Numerous consumer organizations vigorously opposed the legislation, including A-CHAMP, Eagle Forum, and Public Citizen, as well as first responder organizations representing nurses, firemen and veterans. A-CHAMP ran a series of full page advertisements in various publications in opposition to the PREP Act. Because the legislation delegates broad legislative power to the executive branch of government, opponents view it as a violation of fundamental principles of the U.S. Constitution.

In 2005, Senator Edward Kennedy issued a statement demanding repeal of the PREPA legislation, while condemning the liability provisions as a giveaway to the drug industry. Kennedy said the bill makes it "essentially impossible" for injured parties to sue for damages, and that the measure allows common diseases to be used as a reason to activate the liability shield. Kennedy also asserted that one of the drug companies that lobbied for the PREP Act is Sanofi Pasteur, which was under Food and Drug Administration (FDA) investigation for being connected to at least five cases of Guillain–Barré syndrome asserted to have been caused by its meningococcal vaccine.

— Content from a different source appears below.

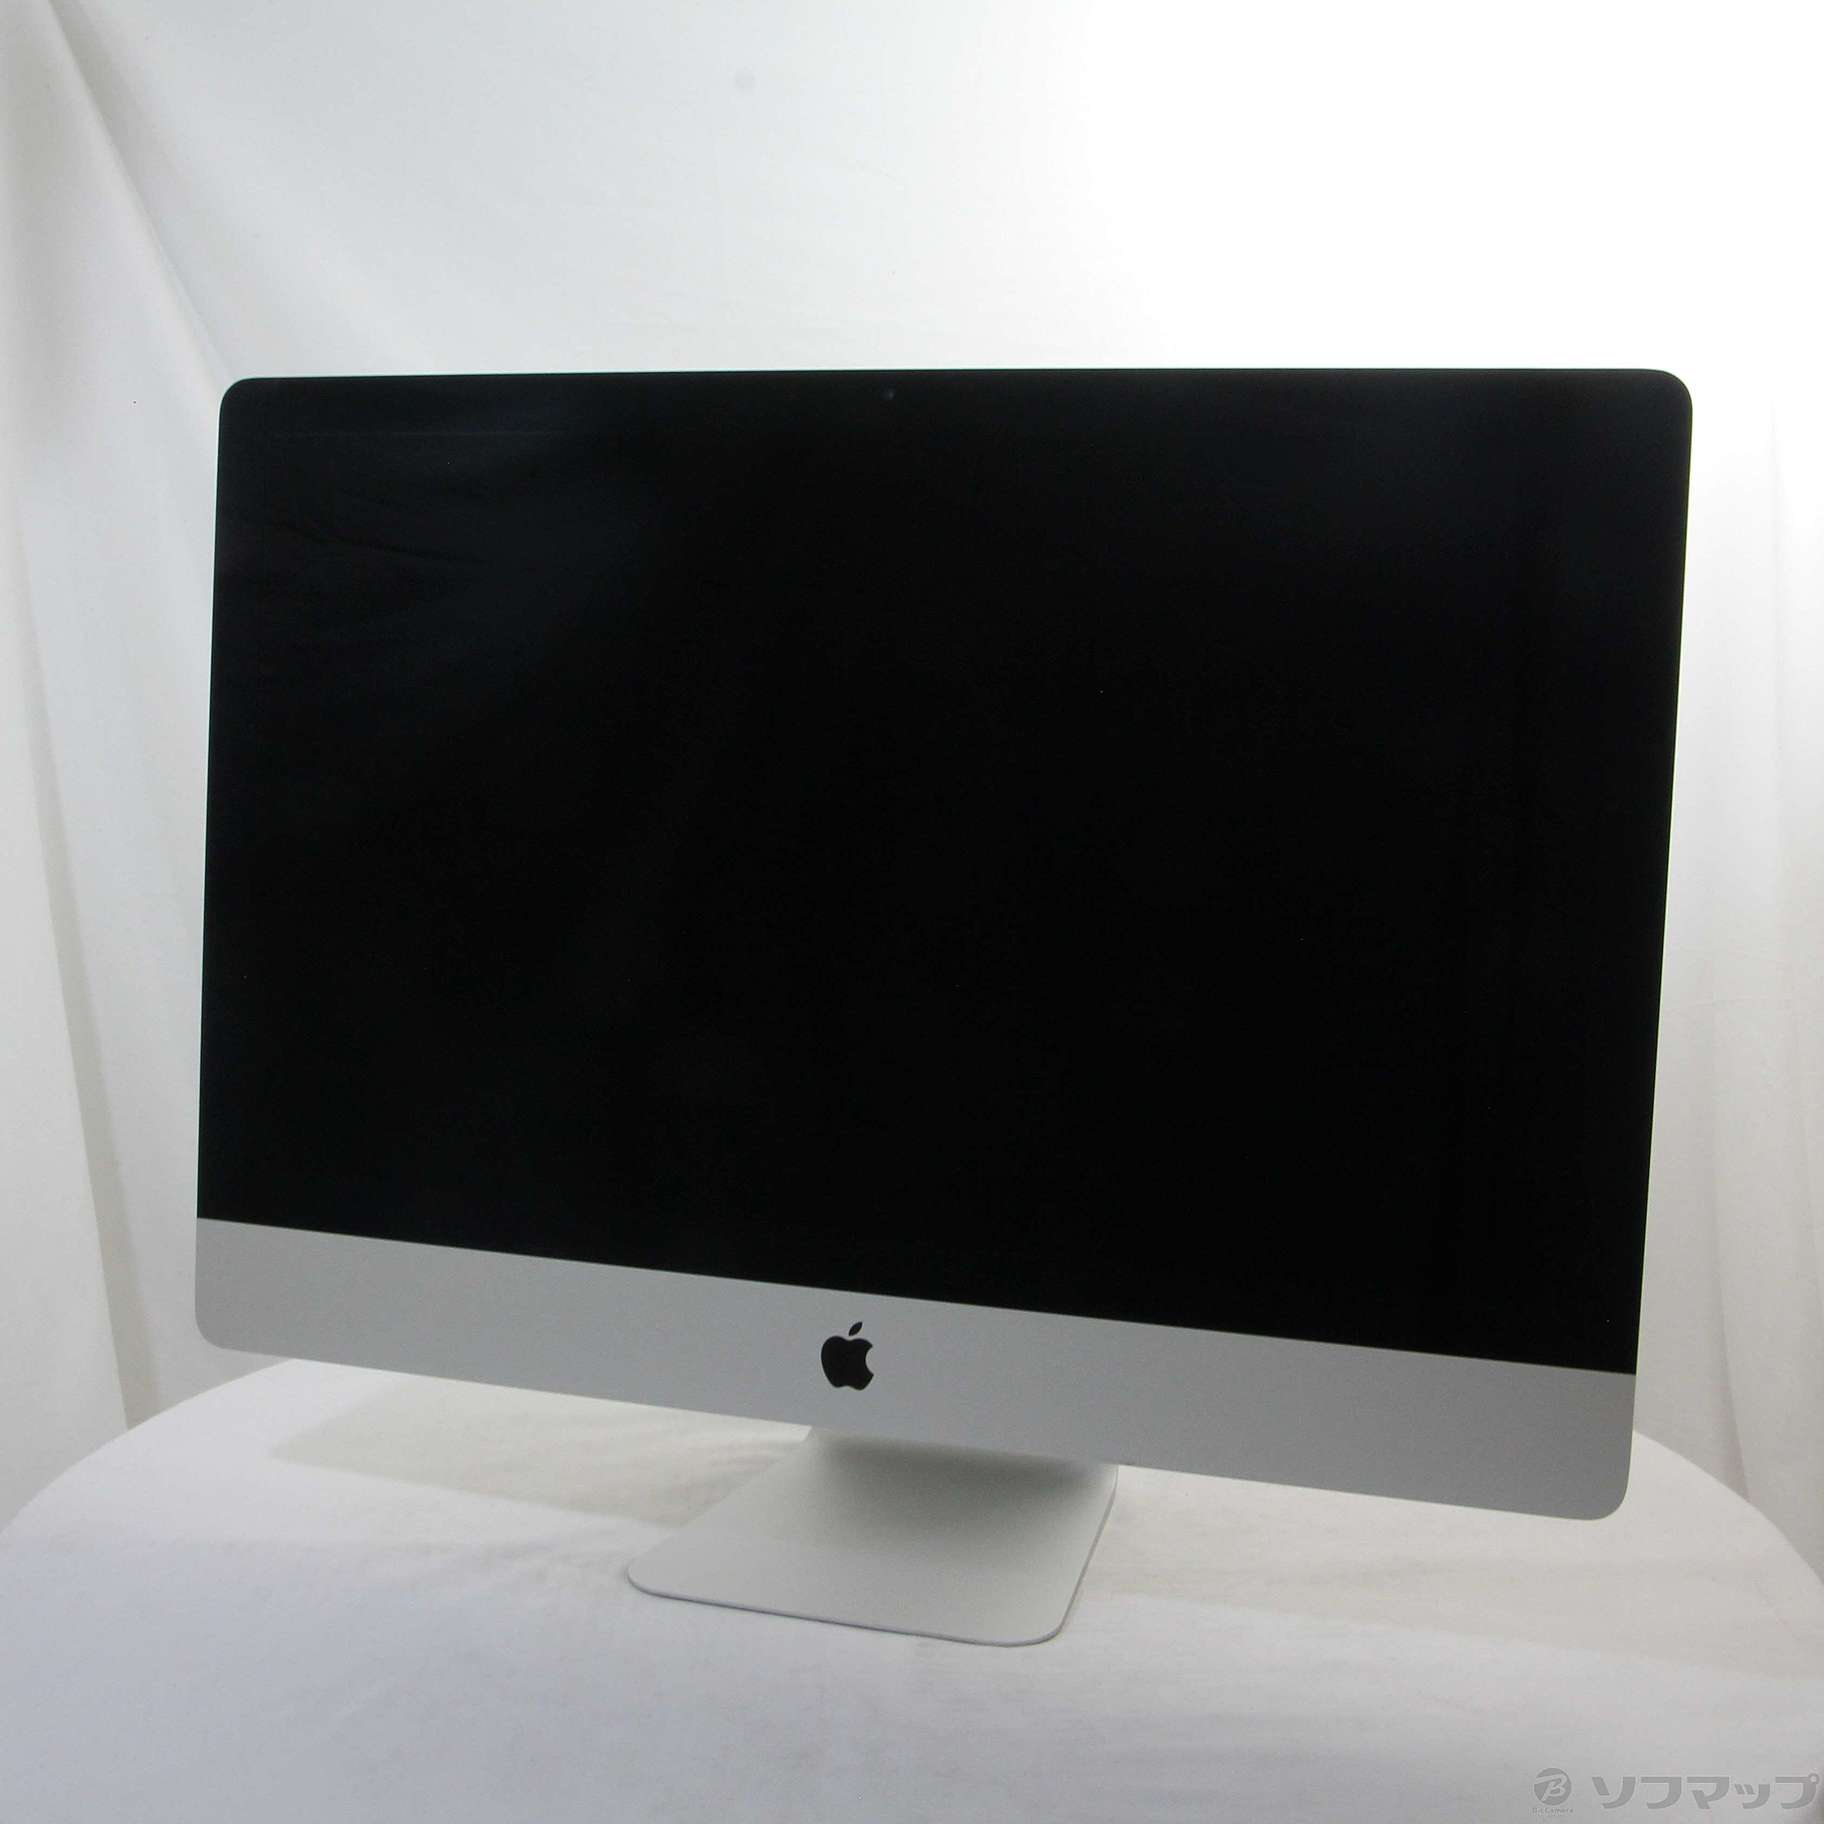 【直接受取】iMac 27-inch Late 2013

When the PREP Act legislation was presented, its broad liability shields, its potential for undermining state vaccine laws, and its consolidation of responsibility within the executive branch were misrepresented in Congress and media, according to critics, who note that it was portrayed instead as primarily concerned with preparations to combat the avian flu.

Opponents also contended that the PREP Act would contribute to the potential for abuse of discretion by the George W. Bush Administration, which was generally perceived as friendly to the drug industry. In particular, critics were concerned about the possibility that state laws banning thimerosal containing vaccines (TCVs) may be preempted. If the HHS secretary designates that a vaccine is a covered countermeasure, thimerosal (a mercury containing preservative) can be used in the vaccine, even in states that have enacted such bans.